In my observations on their identarian games, I’ve found that they’re always very quick to wax about their emotions on any particular hot topic of the day, in a condescending way that shows their perceived virtue. When they’re threatened, they’ll flip out and call upon their audience to hate someone, or simply block. It’s always a heavily emotional gambit, nothing rational (or they wouldn’t be discussing it on social media). Vox Day has pointed this out on his blog via several commentaries on dialectic vs. rhetorical arguments. Once I saw the rhetorical game and viewed none of this as dialectic (because none is), it opened my eyes to how and why they act. Which, of course, made it easier for me to show up and get them to freak out at me for my identity, and thus grows my audience every time they do.

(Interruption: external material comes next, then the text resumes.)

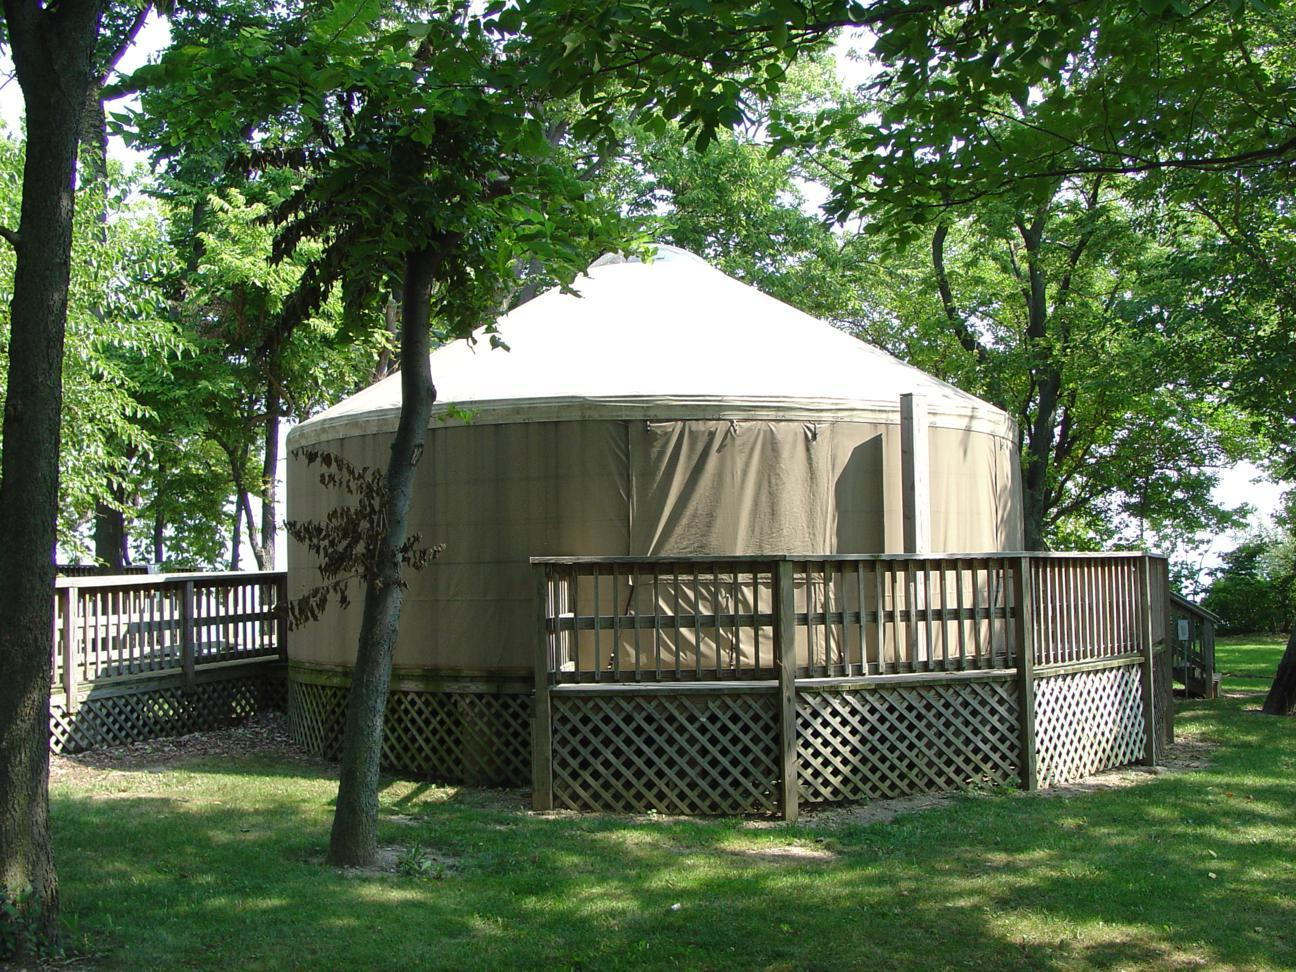 Kelleys Island State Park, Ohio - Camping Reservations & Campgrounds on kelley's island state park campsite map, kelleys island ohio, south bass island state park campground map, kelleys island yurt, kelleys island art,

Now I’ve never seen one of these establishment figures in a formal debate about policy. Not once. If you look at their social medias, the whole idea that anyone could have any opposing opinion to whatever their selective outrage of the day is, they find incredibly offensive to the point they will tell you about it — and never stop telling you about it. So it’s not surprising. On the flip side, I’ve seen folk in my circles debate and debate each other over micro-issues that really aren’t all that relevant to a larger discourse.

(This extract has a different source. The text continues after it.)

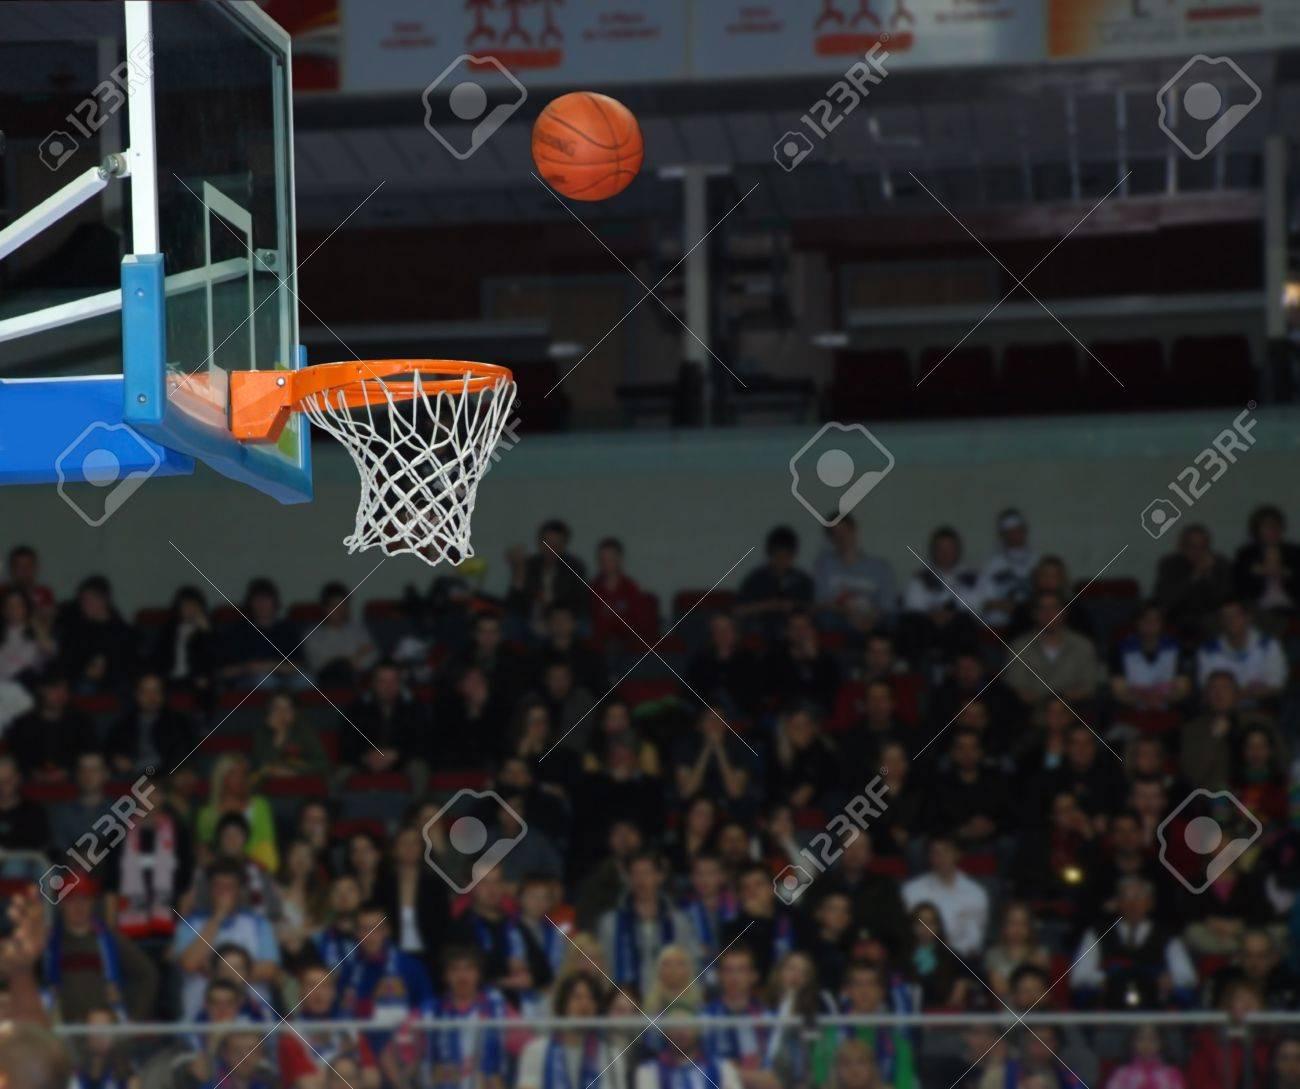 Basketball, exact throw of a ball in a basket - 5787204

I wanted to remedy this. So last night I challenged John Scalzi to debate Free Speech. He is, by all I see on his Twitter account, opposed to free speech, as are those that he follows in his industry (as they don’t allow any art produced that is outside their ideological bubble). I want to know why, and if that has a net benefit to society in his mind. I think his audience would love it. I think my audience would love it. It’d be a great time, and we can show a path forward for creative society that we don’t have to block and echo chamber each other out, but can talk in appropriate forums. Think about what this kind of regular exercise would do for the community.
Naturally, this was very popular among my crowd. They would love to see this happen, as would I. I don’t think Mr. Scalzi is an unintelligent person or anything like that, so it would be rather fun. I myself was on debate team in college, so I’m a bit rusty, but I loved those formal rounds back in the day. It would be a good mental exercise at the very least. But of course, Mr. Scalzi has yet to respond.
If someone from that camp wants to show they’re not just a rhetorical freak-out game, and take me up on that, I[ll open this call to any Hugo winner. Let’s have some fun, show that this is intellectual and it’s not about “hating the other” as Mr. Scalzi so put it on his blog when he went off on the Dragon Awards. We are the intellects and creators of our time. It’s time to act like it.